Another key characteristic of this antiporter is its reversibility. This means that if the cell is depolarized enough, the extracellular sodium level is low enough, or the intracellular level of sodium is high enough, NCX will operate in the reverse direction and begin bringing calcium into the cell. For example, when NCX functions during excitotoxicity, this characteristic allows it to have a protective effect because the accompanying increase in intracellular calcium levels enables the exchanger to work in its normal direction regardless of the sodium concentration. Another example is the depolarization of cardiac muscle cells, which is accompanied by a large increase in the intracellular sodium concentration that causes NCX to work in reverse. Because the concentration of calcium is carefully regulated during the cardiac action potential, this is only a temporary effect as calcium is pumped out of the cell.

The sodium-calcium exchanger's role in maintaining calcium homeostasis in cardiac muscle cells allows it to help relax the heart muscle as it exports calcium during diastole. Therefore, its dysfunction can result in abnormal calcium movement and the development of various cardiac diseases. Abnormally high intracellular calcium levels can hinder diastole and cause abnormal systole and arrhythmias. Arrhythmias can occur when calcium is not properly exported by NCX, causing delayed afterdepolarizations and triggering abnormal activity that can possibly lead to atrial fibrillation and ventricular tachycardia.

If the heart experiences ischemia, the inadequate oxygen supply can disrupt ion homeostasis. When the body tries to stabilize this by returning blood to the area, ischemia-reperfusion injury, a type of oxidative stress, occurs. If NCX is dysfunctional, it can exacerbate the increase of calcium that accompanies reperfusion, causing cell death and tissue damage. Similarly, NCX dysfunction has found to be involved in ischemic strokes. Its activity is upregulated, causing an increased cytosolic calcium level, which can lead to neuronal cell death.

The Na^{+}/Ca^{2+} exchanger has also been implicated in neurological disorders such as Alzheimer's disease and Parkinson's disease. Its dysfunction can result in oxidative stress and neuronal cell death, contributing to the cognitive decline that characterizes Alzheimer's disease. The dysregulation of calcium homeostasis has been found to be a key part of neuron death and Alzheimer's pathogenesis. For example, neurons that have neurofibrillary tangles contain high levels of calcium and show hyperactivation of calcium-dependent proteins. The abnormal calcium handling of atypical NCX function can also cause the mitochondrial dysfunction, oxidative stress, and neuronal cell death that characterize Parkinson's. In this case, if dopaminergic neurons of the substantia nigra are affected, it can contribute to the onset and development of Parkinson's disease. Although the mechanism is not entirely understood, disease models have shown a link between NCX and Parkinson's and that NCX inhibitors can prevent death of dopaminergic neurons.

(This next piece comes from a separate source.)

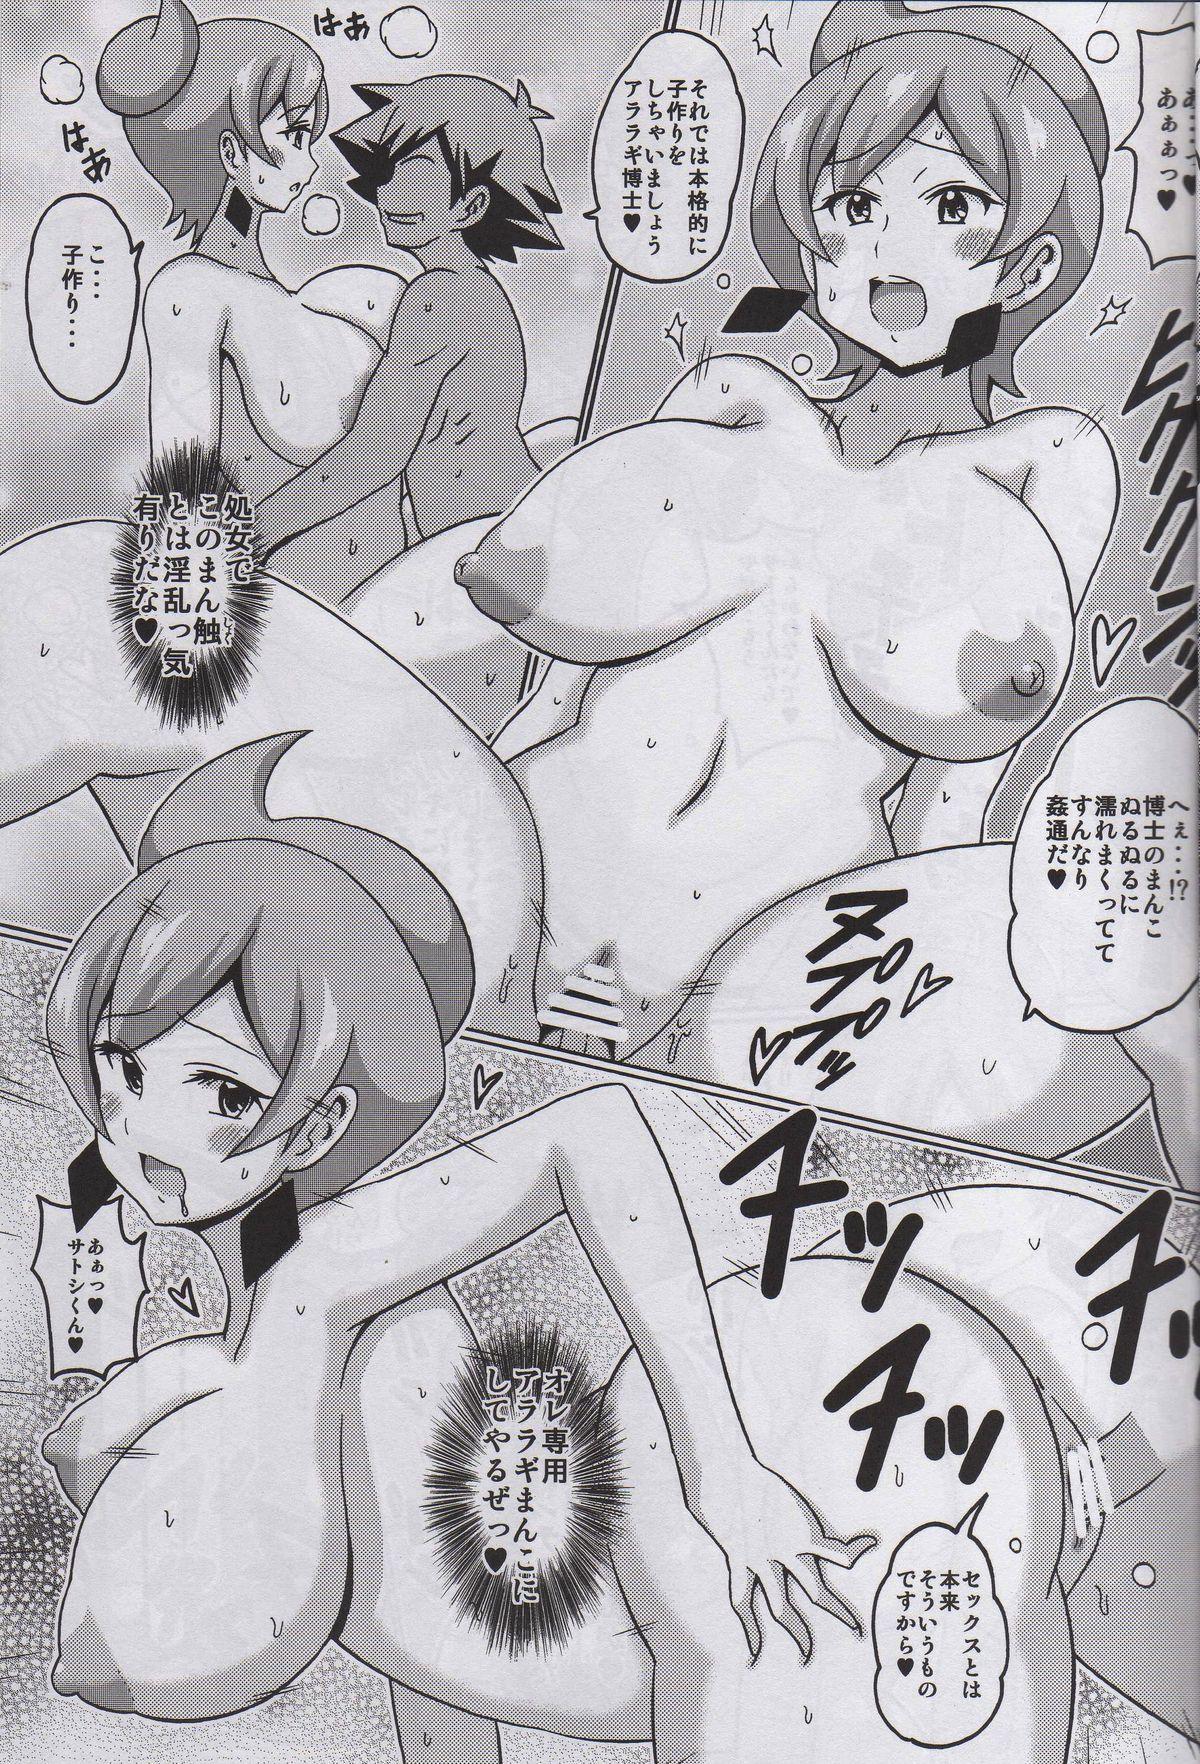 Araragi Hakase to Haruka no Hon 6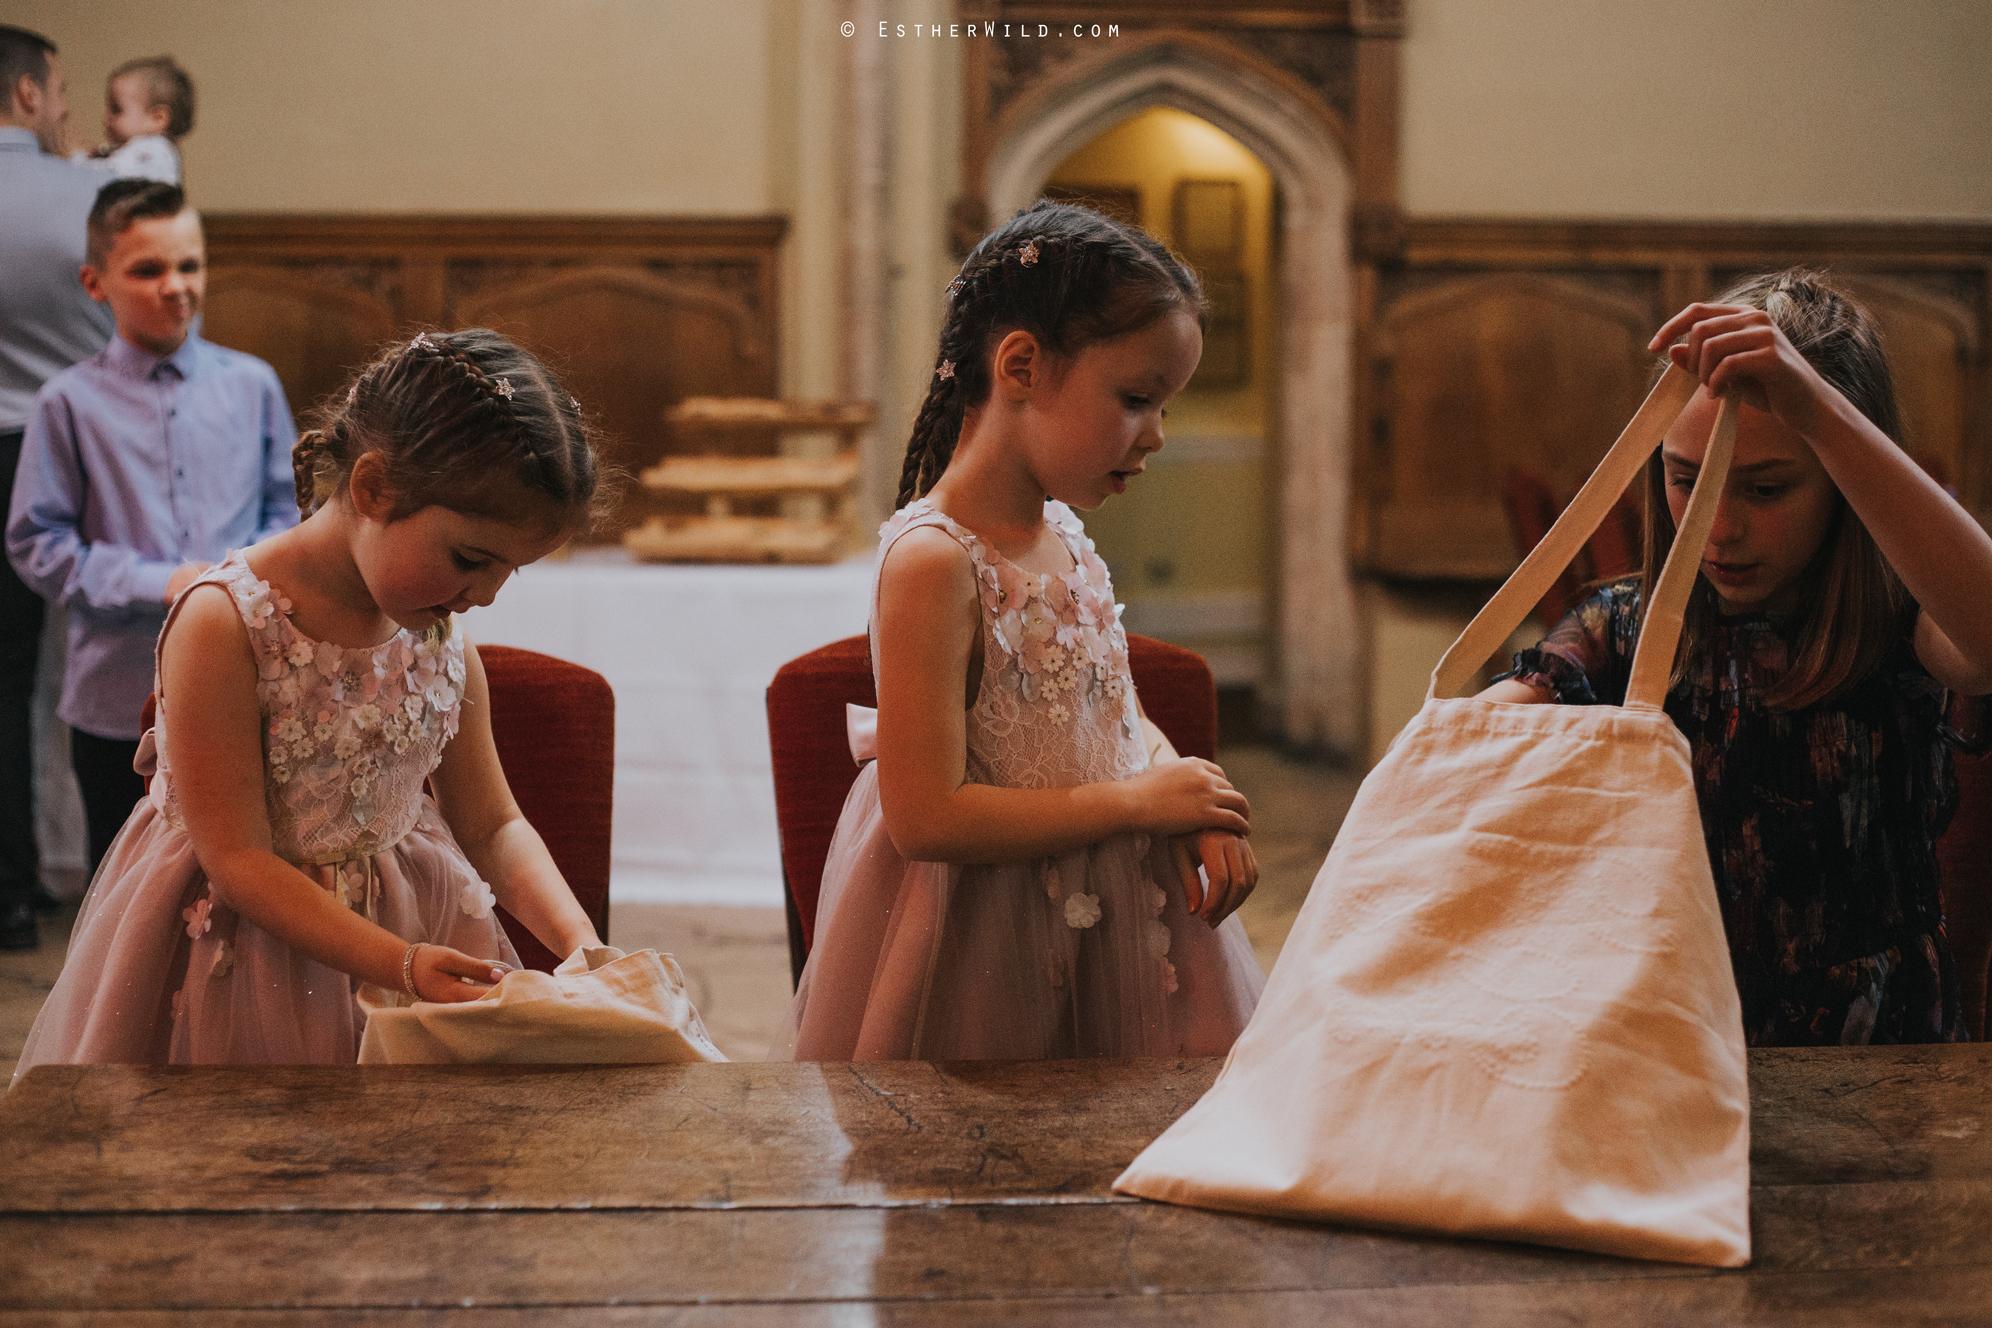 Wedding_Kings_Lynn_Town_Hall_Norfolk_Photographer_Esther_Wild_IMG_1688.jpg

=== Sodium-hydrogen antiporter ===
The sodium–hydrogen antiporter, also known as the sodium-proton exchanger, Na+/H+ exchanger, or NHE, is an antiporter responsible for transporting sodium into the cell and hydrogen out of the cell. As such, it is important in the regulation of cellular pH and sodium levels. There are differences among the types of NHE antiporter families present in eukaryotes and prokaryotes. The 9 isoforms of this transporter that are found in the human genome fall under several families, including the cation-proton antiporters (CPA 1, CPA 2, and CPA 3) and sodium-transporting carboxylic acid decarboxylase (NaT-DC). Prokaryotic organisms contain the Na+/H+ antiporter families NhaA, NhaB, NhaC, NhaD, and NhaE.

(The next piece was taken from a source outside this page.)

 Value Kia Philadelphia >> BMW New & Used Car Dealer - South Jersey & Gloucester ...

Because enzymes can only function at certain pH ranges, it is critical for cells to tightly regulate cytosolic pH. When a cell's pH is outside of the optimal range, the sodium-hydrogen antiporter detects this and is activated to transport ions as a homeostatic mechanism to restore pH balance. Since ion flux can be reversed in mammalian cells, NHE can also be used to transport sodium out of the cell to prevent excess sodium from accumulating and causing toxicity.

As suggested by its functions, this antiporter is located in the kidney for sodium reabsorption regulation and in the heart for intracellular pH and contractility regulation. NHE plays an important role in the nephron of the kidney, especially in the cells of the proximal convoluted tubule and collecting duct. The sodium-hydrogen antiporter's function is upregulated by Angiotensin II in the proximal convoluted tubule when the body needs to reabsorb sodium and excrete hydrogen.

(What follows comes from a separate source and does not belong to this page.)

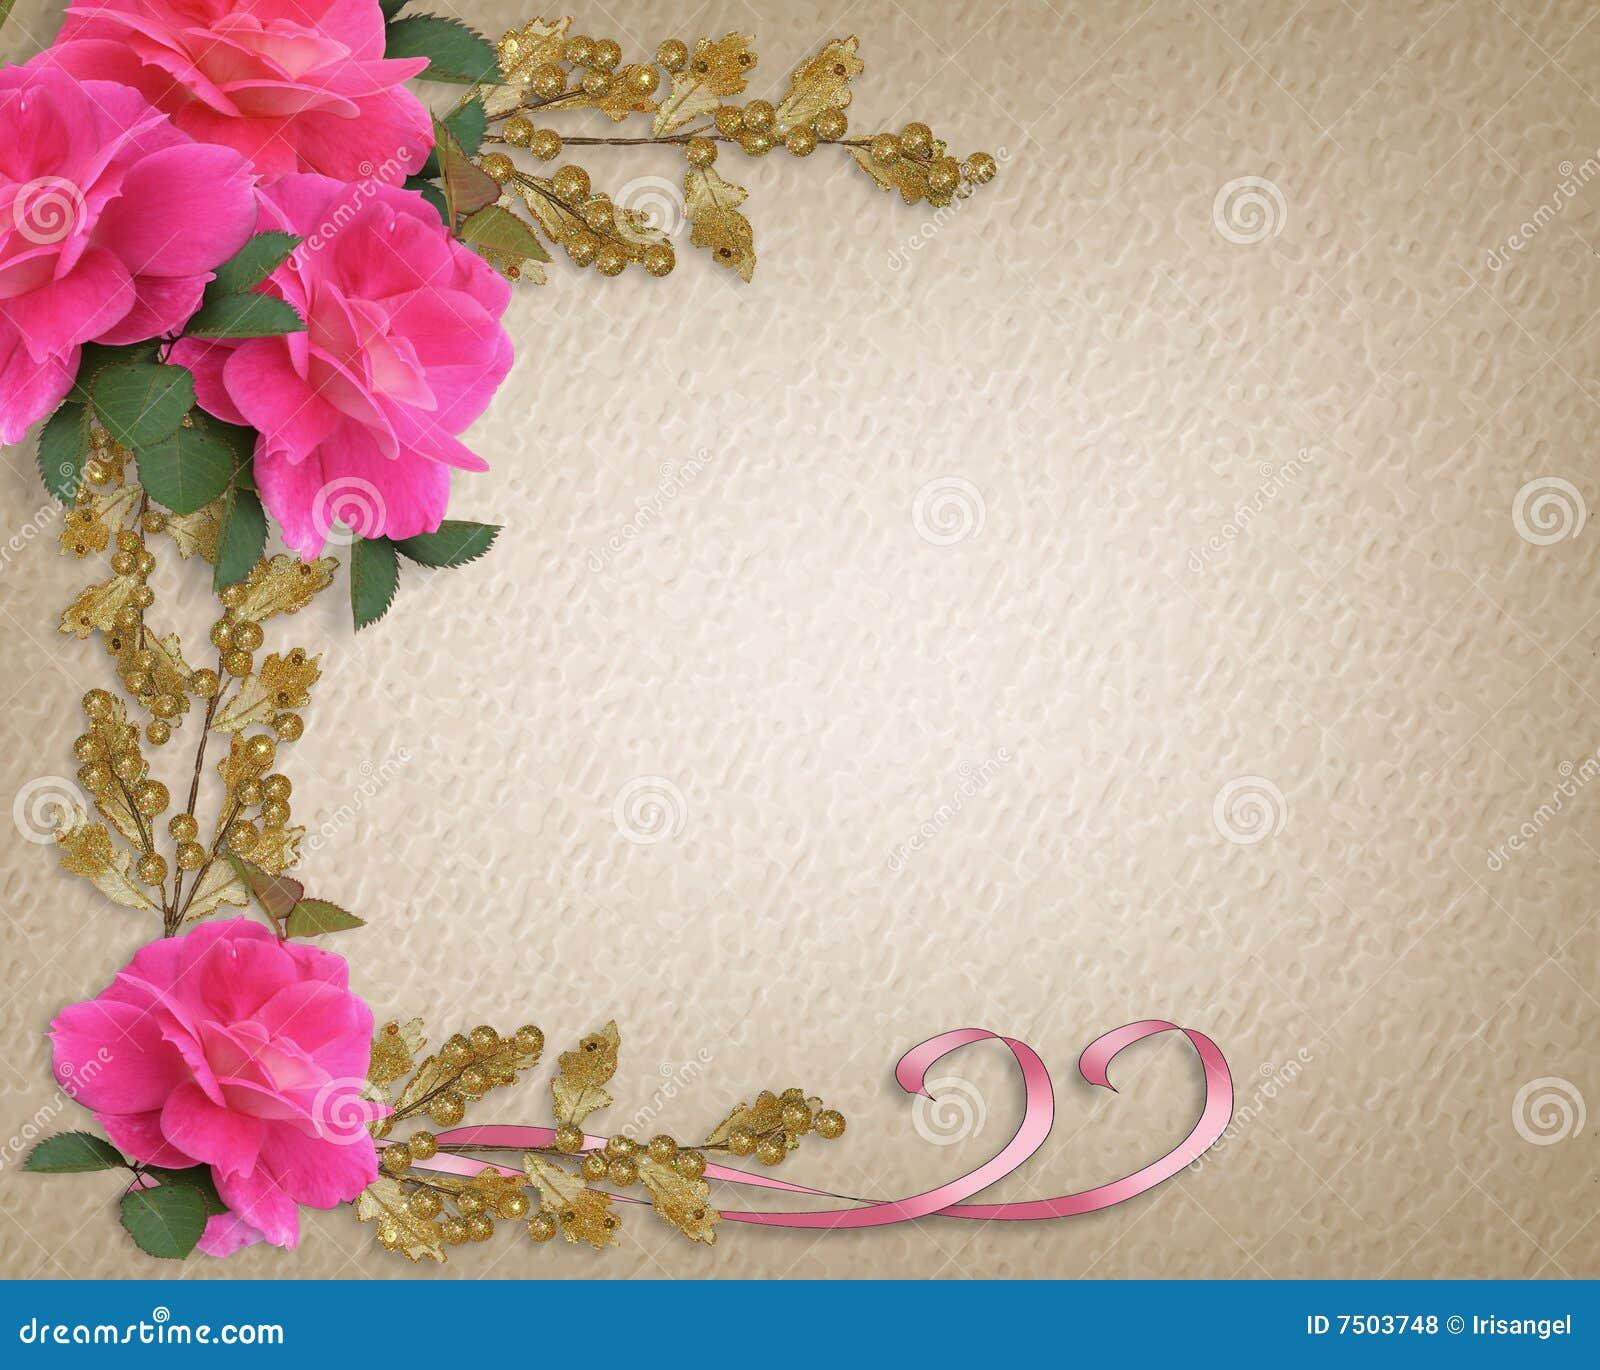 Wedding Invitation Border Pink Roses

Plants are sensitive to high amounts of salt, which can halt certain necessary functions of the eukaryotic organism, including photosynthesis. For the organisms to maintain homeostasis and carry out crucial functions, Na+/H+ antiporters are used to rid the cytoplasm of excess sodium by pumping Na+ out of the cell. These antiporters can also close their channel to stop sodium from entering the cell, along with allowing excess sodium within the cell to enter into a vacuole.

Dysregulation of the sodium-hydrogen antiporter's activity has been linked to cardiovascular diseases, renal disorders, and neurological conditions NHE inhibitors are being developed to treat these issues. One of the isoforms of the antiporter, NHE1, is essential to the function of the mammalian myocardium. NHE is involved in the case of hypertrophy and when damage to the heart muscle occurs, such as during ischemia and reperfusion. Studies have shown that NHE1 is more active in animal models experiencing myocardial infarction and left ventricular hypertrophy. During these cardiac events, the function of the sodium-hydrogen antiporter causes an increase in the sodium levels of cardiac muscle cells. In turn, the work of the sodium-calcium antiporter leads to more calcium being brought into the cell, which is what results in damage to the myocardium.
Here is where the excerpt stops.